Moreover, Mach’s affidavit states that the Risk Management Committee, which initially receives incident reports, is not assigned peer review activities. It is doubtful that a report which is first routed to a committee which performs no peer review functions is considered necessary to peer review. If such a report were critical to the peer review process, it would be routed immediately to a committee which performs such functions. Absent a showing of what criteria Risk Management employs to determine which reports are considered to “potentially involve peer review functions,” its determination is arbitrary. Such reports cannot be necessary to peer review as a number of reports may not be forwarded to Quality Assessment, who must decide if the report even qualifies for peer review purposes. Although Harrington only bears the burden of showing that the information it seeks to protect is necessary to peer review work generally, it has failed to do so. Miller, 54 Mass.App.Ct. at 499.

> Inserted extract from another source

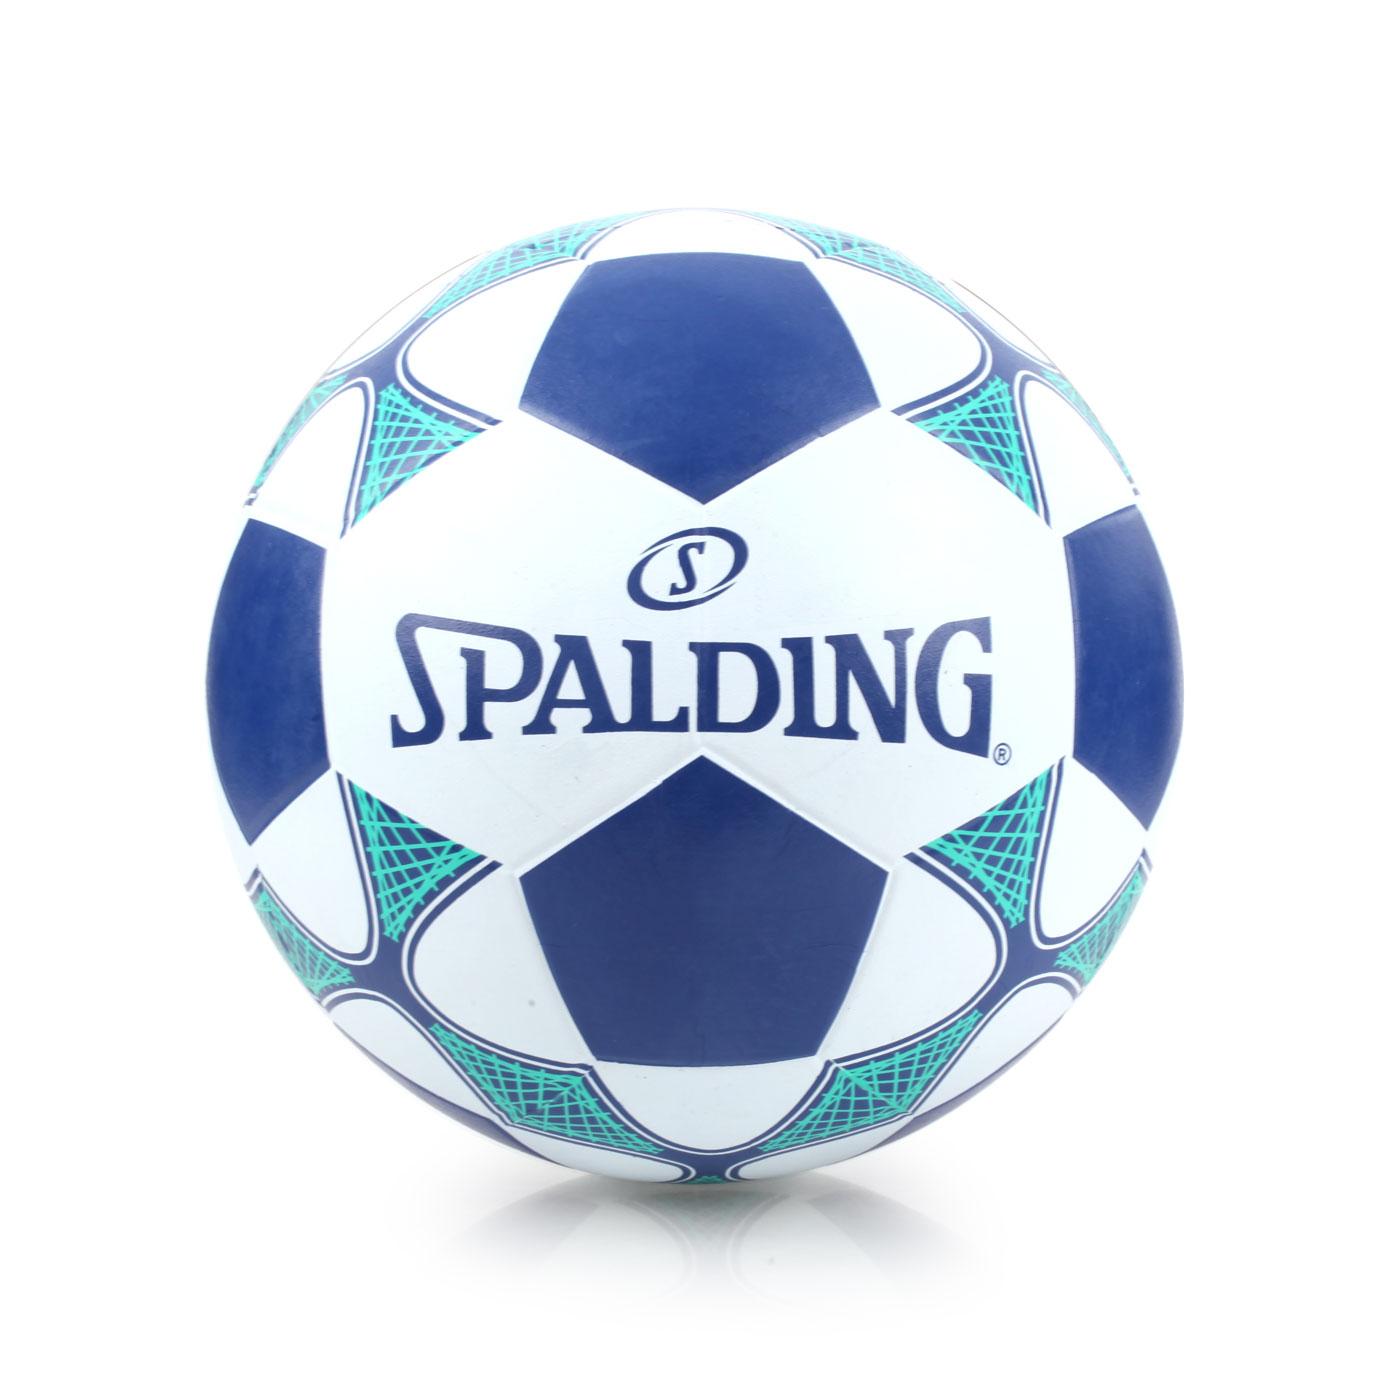 SPALDING Team 足球 #5 SPBC5002 - 白丈青綠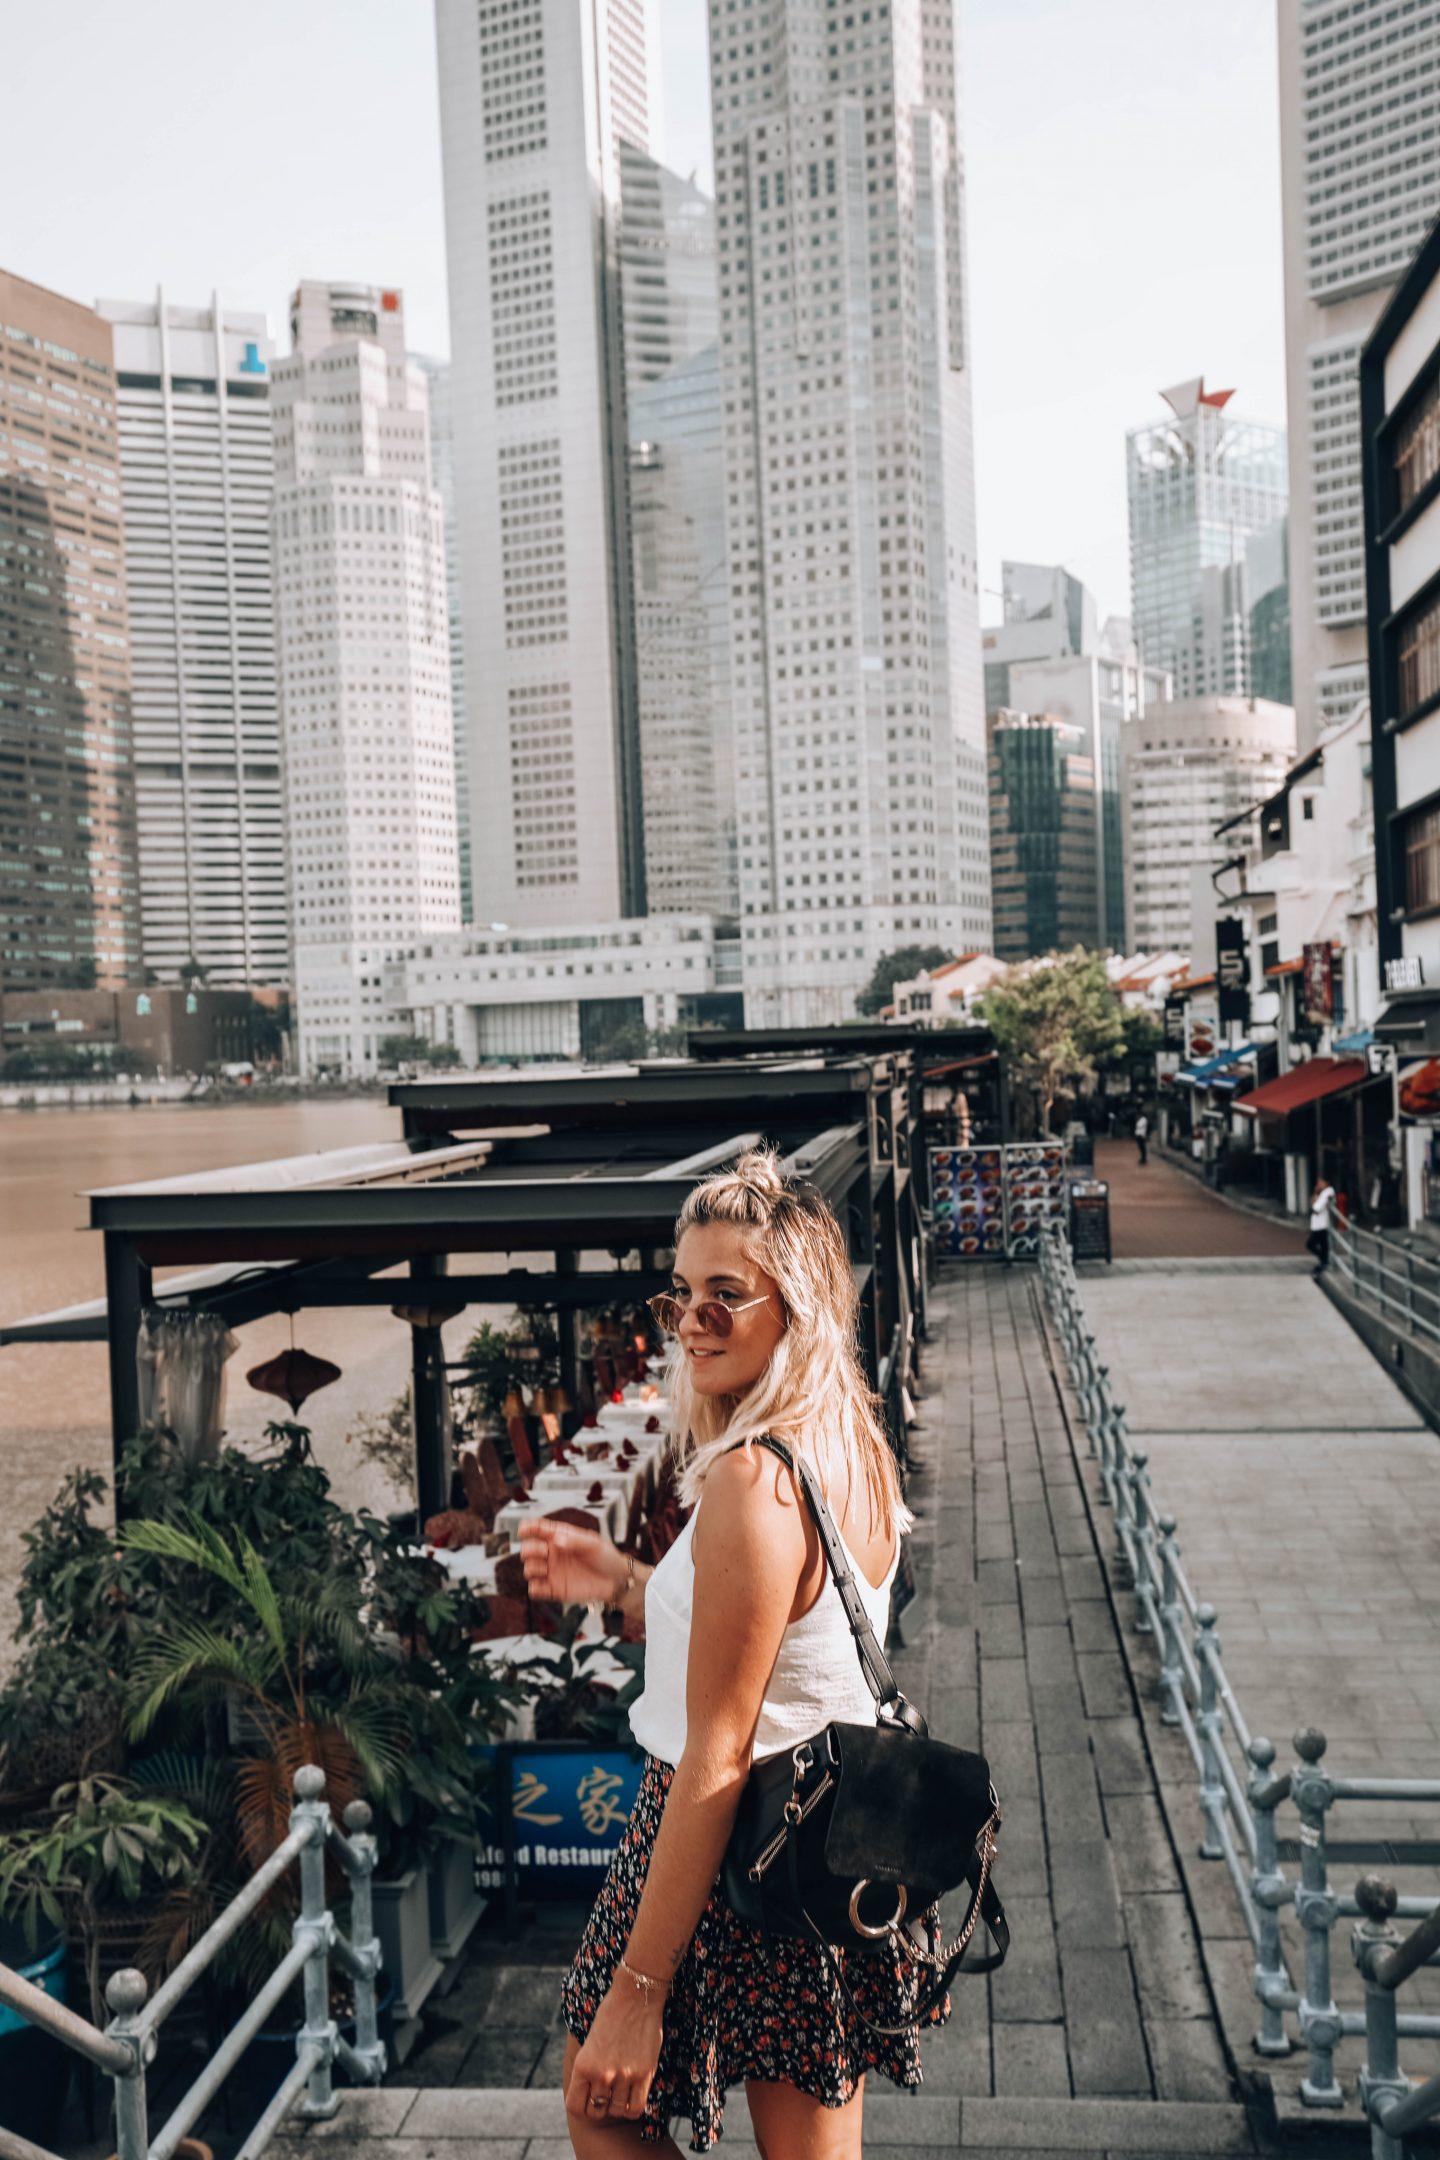 Boat Quay Singapour - Blondie Baby blog mode Paris et voyages

Furthermore, Harrington’s argument ignores the following: that Granger’s report was prepared prior to the initiation of a peer review committee; it thus cannot be deemed the work product of a peer review committee. According to Granger’s deposition, the report was prepared immediately following the operation and in response to her concerns about the use of an outdated device. Her deposition testimony also clearly reflects a self-protection justification for submitting a report to her superiors. Harrington was not even aware of Boone’s medical situation until one week after Granger wrote her report.
Harrington has not carried its burden in providing evidence that Granger’s report was necessary to the work product of its medical peer review committee. The affidavits of numerous hospital officials repeatedly state that an incident report could only potentially begin a peer review or that it “often” initiated peer review. No competent evidence supports the conclusion that Granger’s incident report was necessary to the work product of Harrington’s medical peer review committee.
Accordingly, Harrington has not carried its burden of establishing that the information in Granger’s report is protected by the medical peer review committee *296privilege. Nothing has been provided to show that the report at issue is necessary to the work product of the medical peer review committee, or that it was created by, for, or as a result of such a committee.
ORDER
For the foregoing reasons, Boone’s motion to compel is ALLOWED. It is further ORDERED that Harrington produce Granger’s incident report within 30 days of the date of this order.
The action pending in the Hampden County Superior Court is Civil Action No. 98-60, Daniel and Mary Boone v. Steven M. Schonholz. Harrington Hospital is a non-party deponent.
“[I]ncident reports which potentially involve peer review functions are typically forwarded to the Quality Assessment & Performance Improvement Committee for internal assessment, including determination of whether a formal peer review inquiry is appropriate."